### Record excerpts:
###

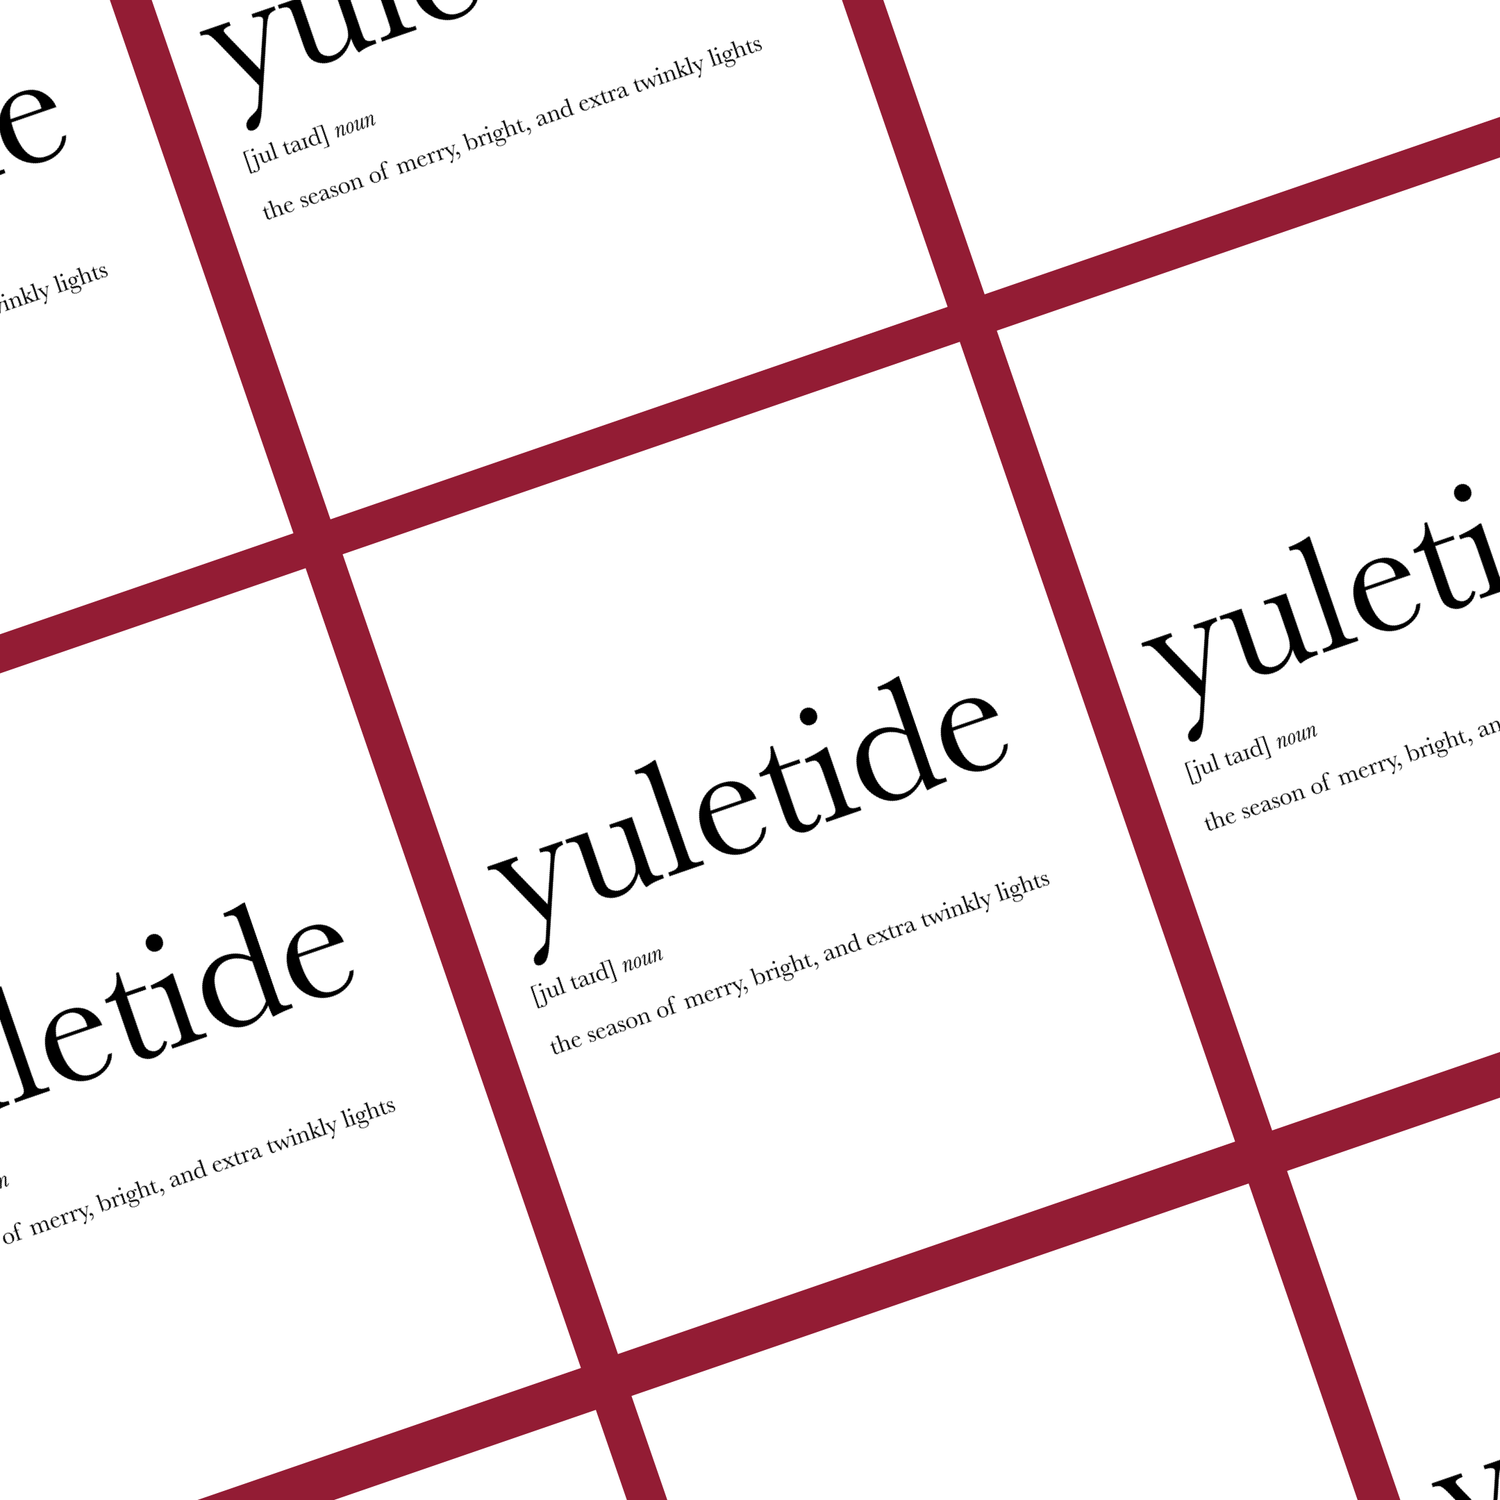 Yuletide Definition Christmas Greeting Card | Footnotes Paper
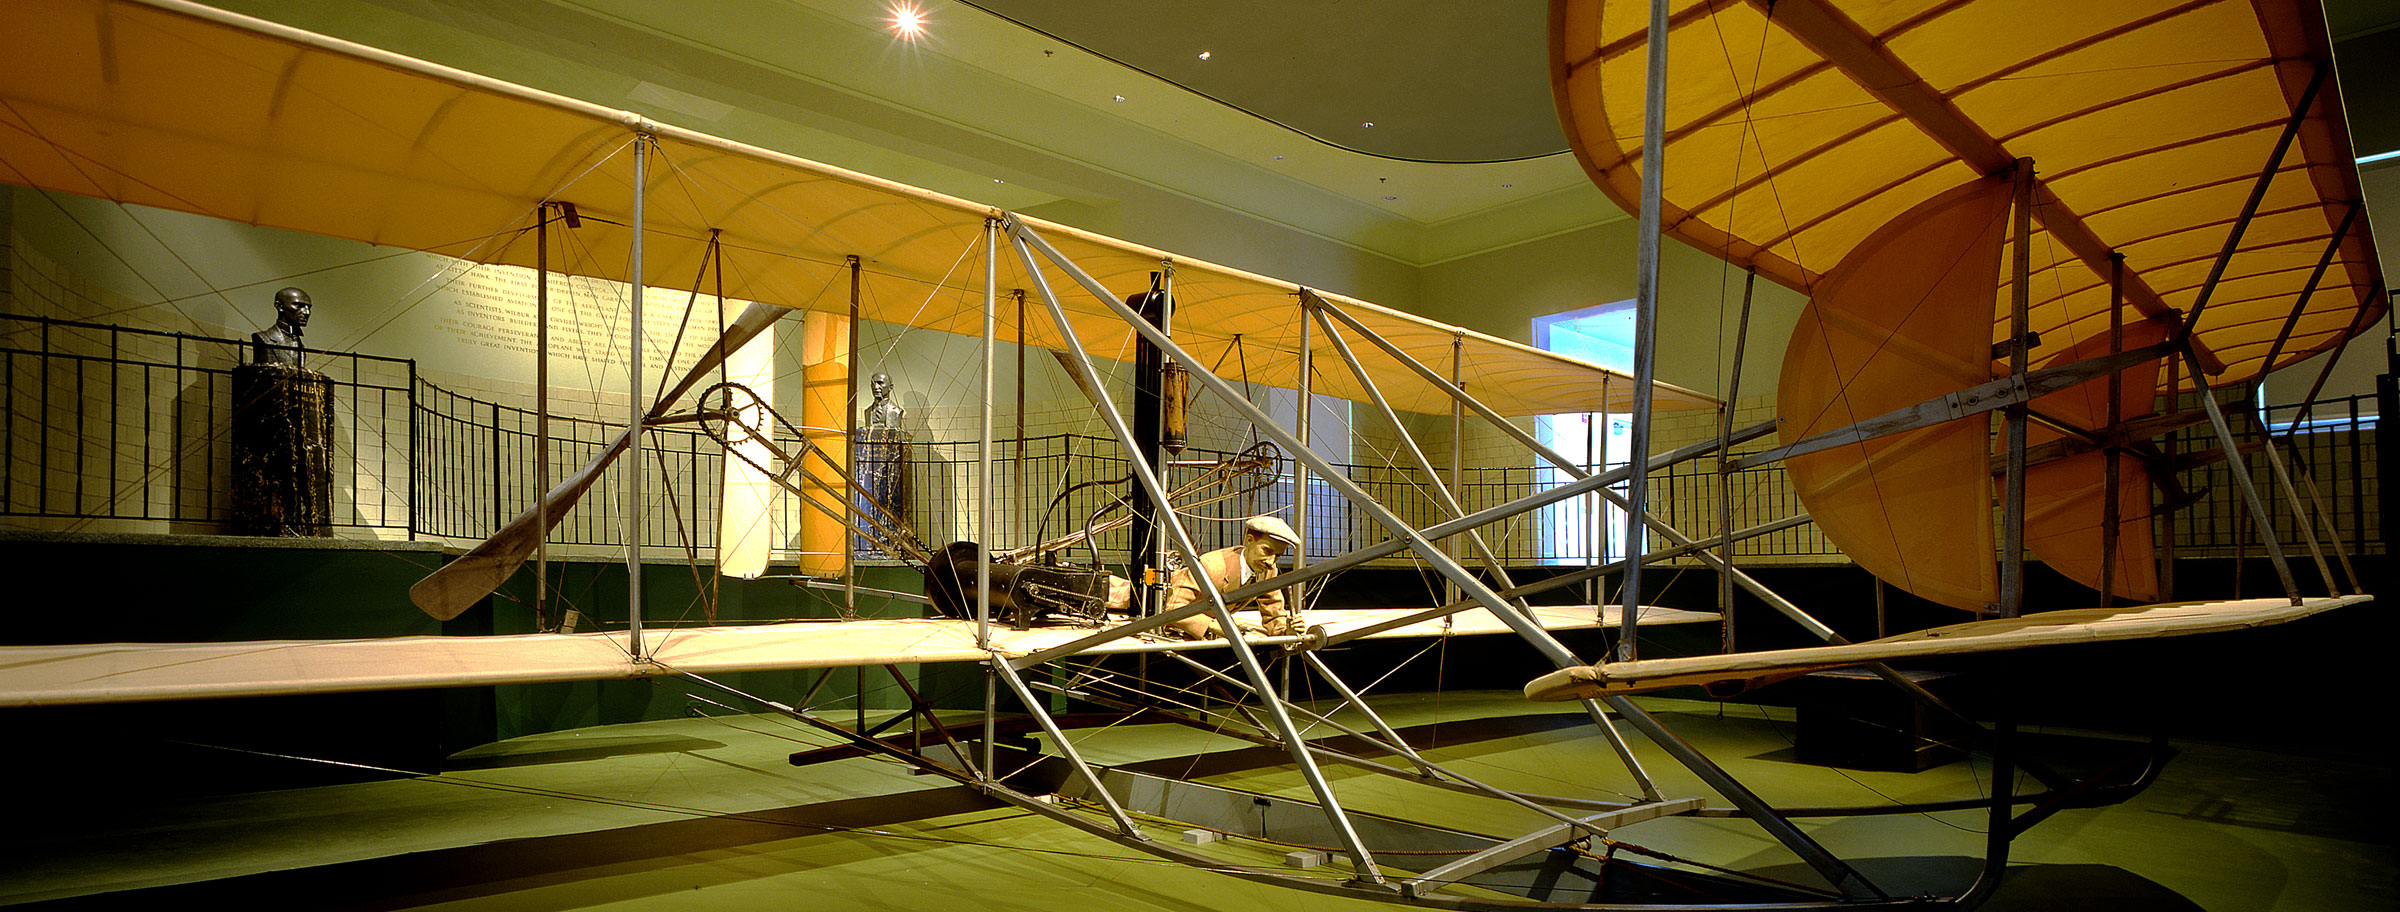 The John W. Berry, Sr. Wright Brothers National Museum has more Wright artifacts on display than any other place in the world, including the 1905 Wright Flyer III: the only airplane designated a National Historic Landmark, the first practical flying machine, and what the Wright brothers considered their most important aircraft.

###

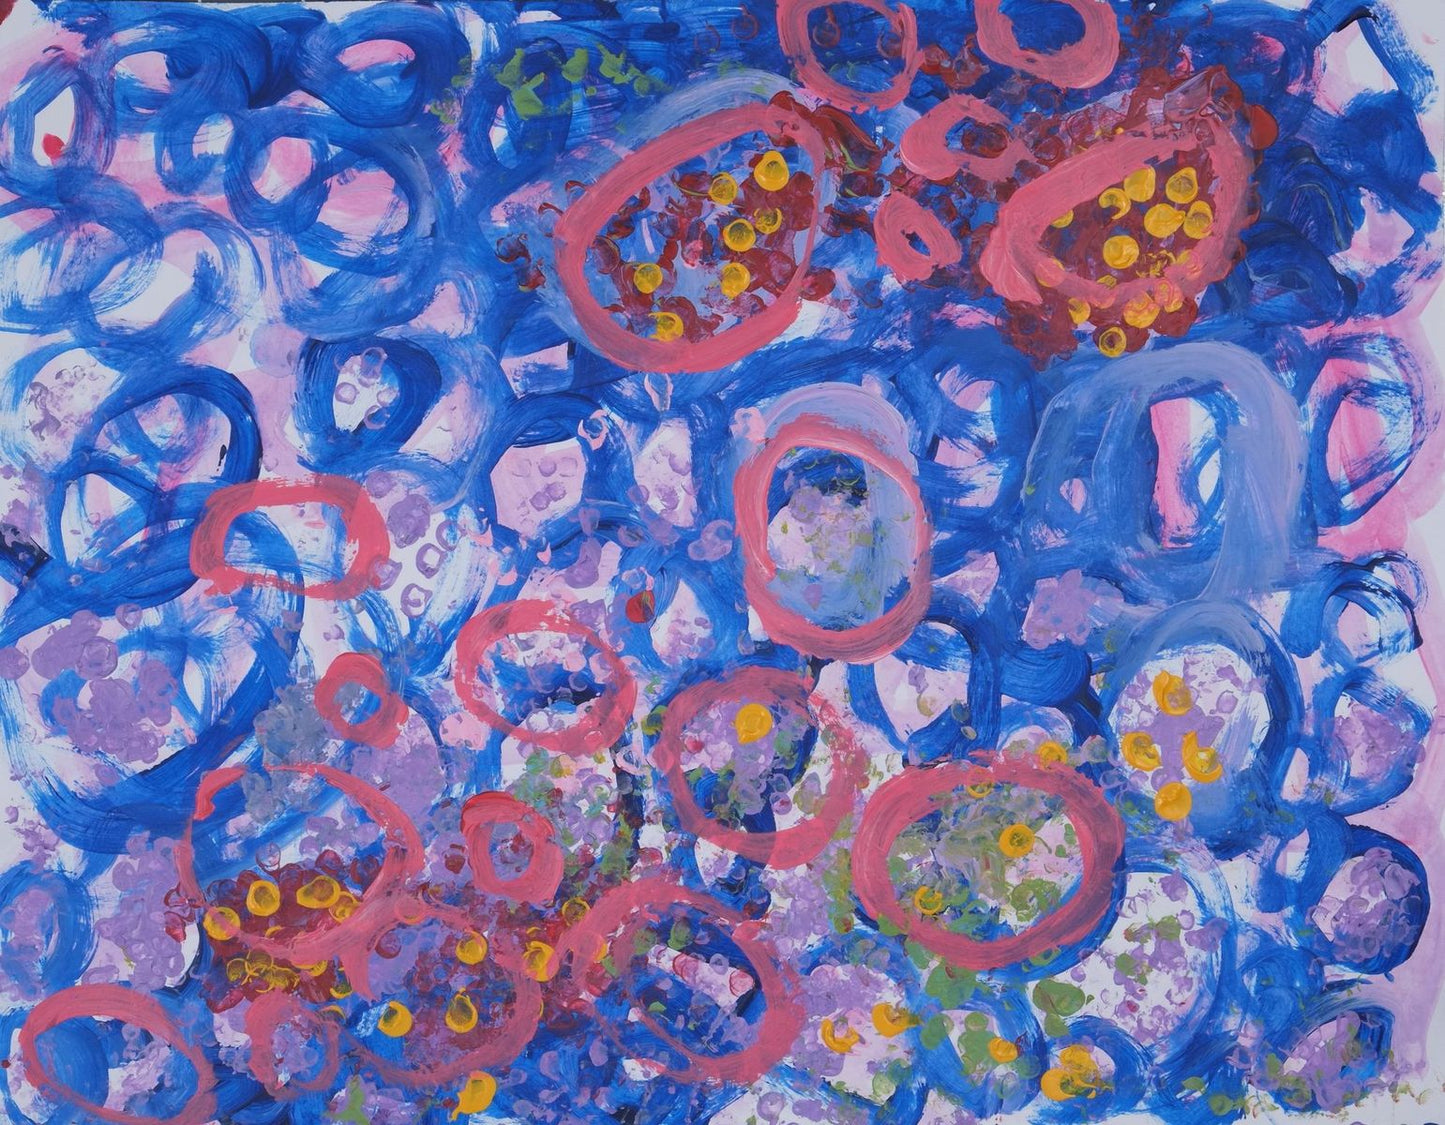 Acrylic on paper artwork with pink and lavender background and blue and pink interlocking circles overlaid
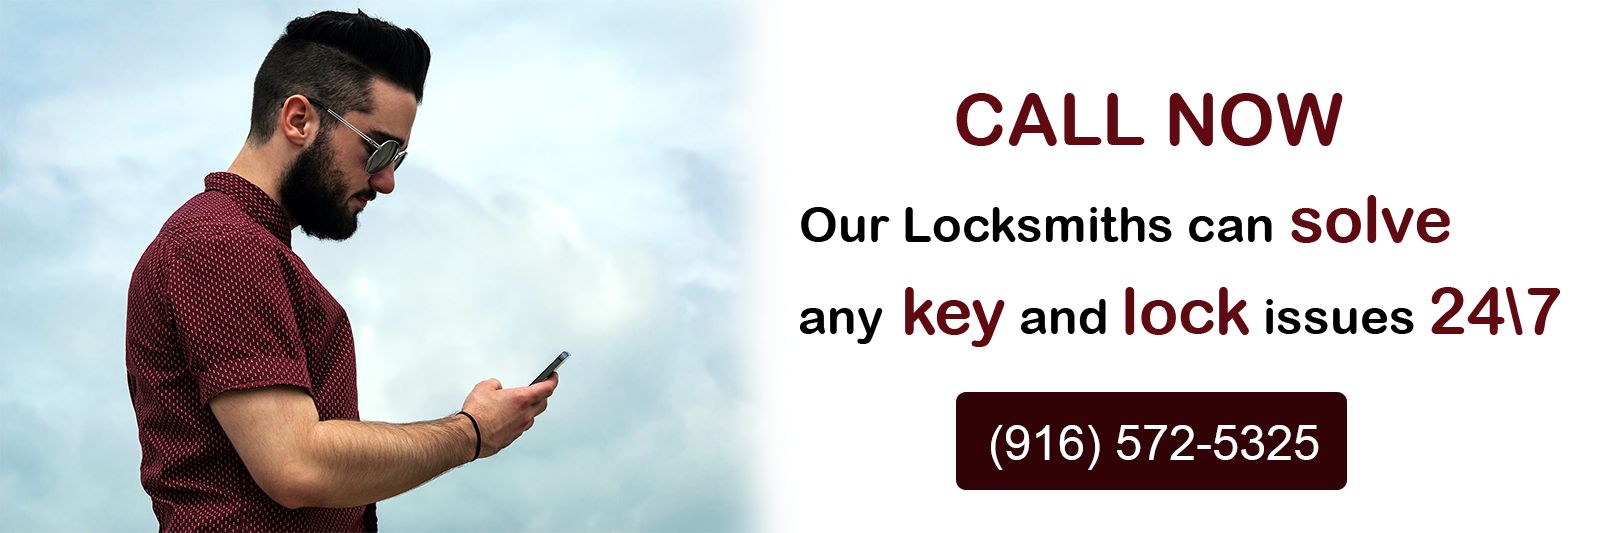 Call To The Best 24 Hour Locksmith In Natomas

###

### Task requirements:
Given the listing above, repeat exactly the lines starting at the one with "Acrylic on paper" and ending at the one with "Call To The", inclusive, excluding pictures.

### Task solution:
 Acrylic on paper artwork with pink and lavender background and blue and pink interlocking circles overlaid
 Call To The Best 24 Hour Locksmith In Natomas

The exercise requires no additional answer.